Use non-metallic raceways or cable between them.

I did not write the rule and I do not know why it's there.
 

quogueelectric

Senior Member
iwire said:
Use non-metallic raceways or cable between them.

I did not write the rule and I do not know why it's there.
I am not trying to be a wiseguy (Imagine that) but how would this not cause a ground loop just what they are trying to eliminate?? I dont get it. This is wrong and needs to be addressed in my opinion.
 

iwire

Moderator
Staff member
quogueelectric said:
I am not trying to be a wiseguy (Imagine that) but how would this not cause a ground loop just what they are trying to eliminate?? I dont get it. This is wrong and needs to be addressed in my opinion.
There will be no 'loop' if you use non-metallic raceways, the only path will be the grounded conductor. :smile:

I have never seen the need for this but I have not seen everything.
 

76nemo

Senior Member
crossman said:
The OP said the receptacles didn't work, but still measured 119v from L to N. This does not sound like a missing SBJ at the XO terminal. Sounds to me like a bad neutral connection somewhere between the xfmr and the receptacle.

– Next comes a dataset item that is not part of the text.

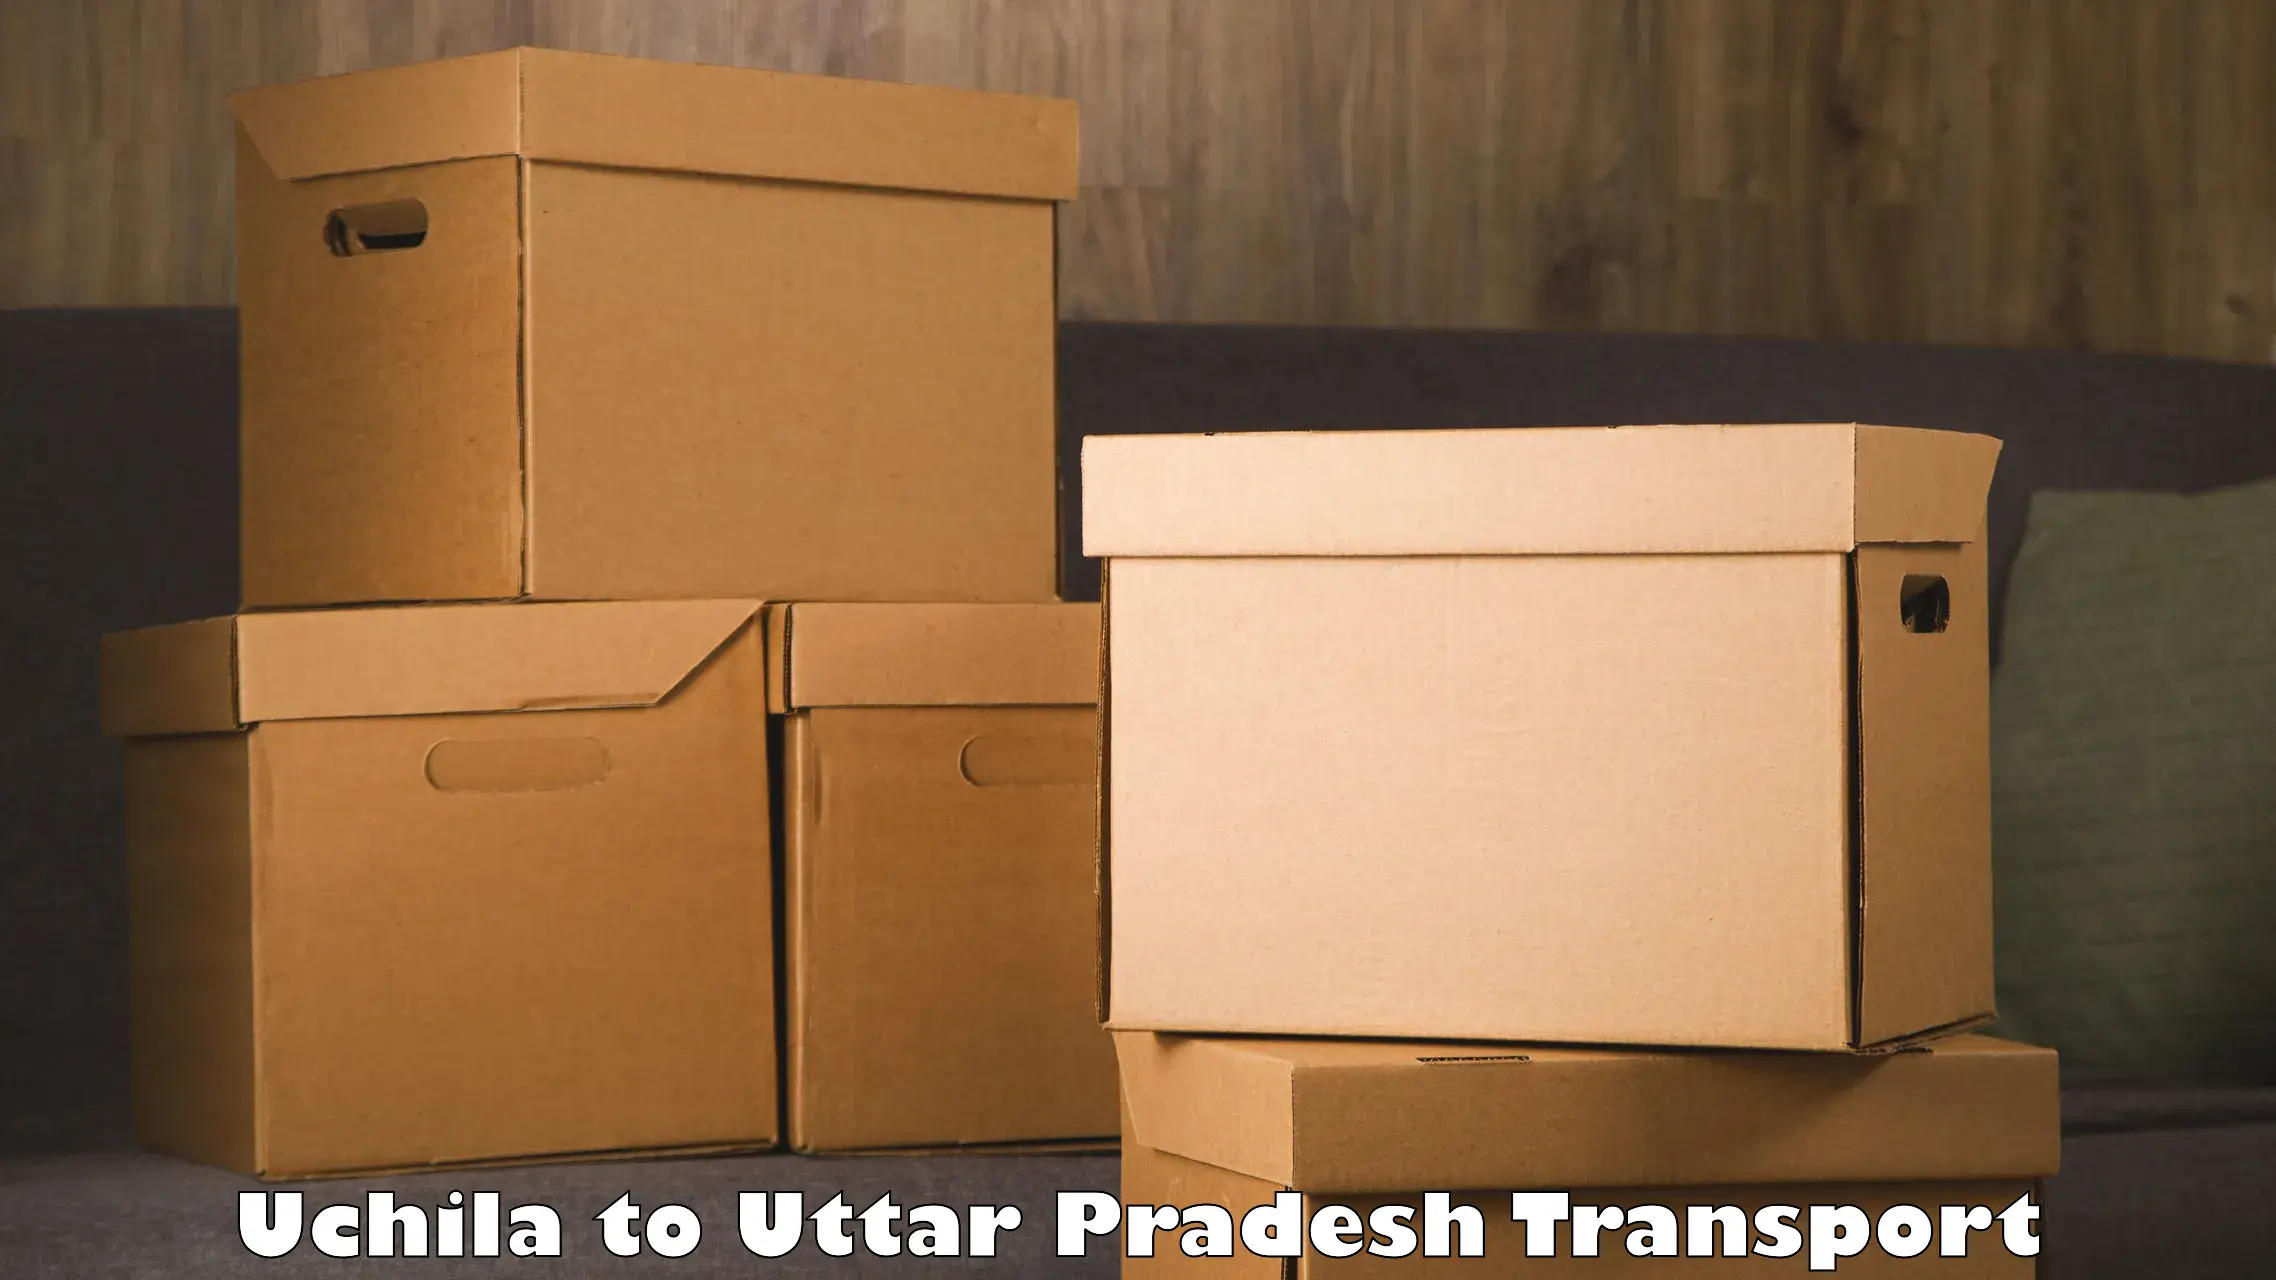 Air cargo transport services in Uchila to Fatehabad Agra

As someone mentioned, the 119v was an ohm's law reaction to a high impedance meter and a relatively lower impedance in series with the neutral.
Flukes T+ does not have high impedance input.
 

quogueelectric

Senior Member
iwire said:
There will be no 'loop' if you use non-metallic raceways, the only path will be the grounded conductor. :smile:

I have never seen the need for this but I have not seen everything.
Even if you could use pvc in the building which you cant due to fire code .(They allow it for the pool feeder by me) if you ground the neutral in two different locations you definitely have a ground loop. It is in fact the definition of a ground loop. The neutral should only be bonded at 1 point or else you have a ground loop.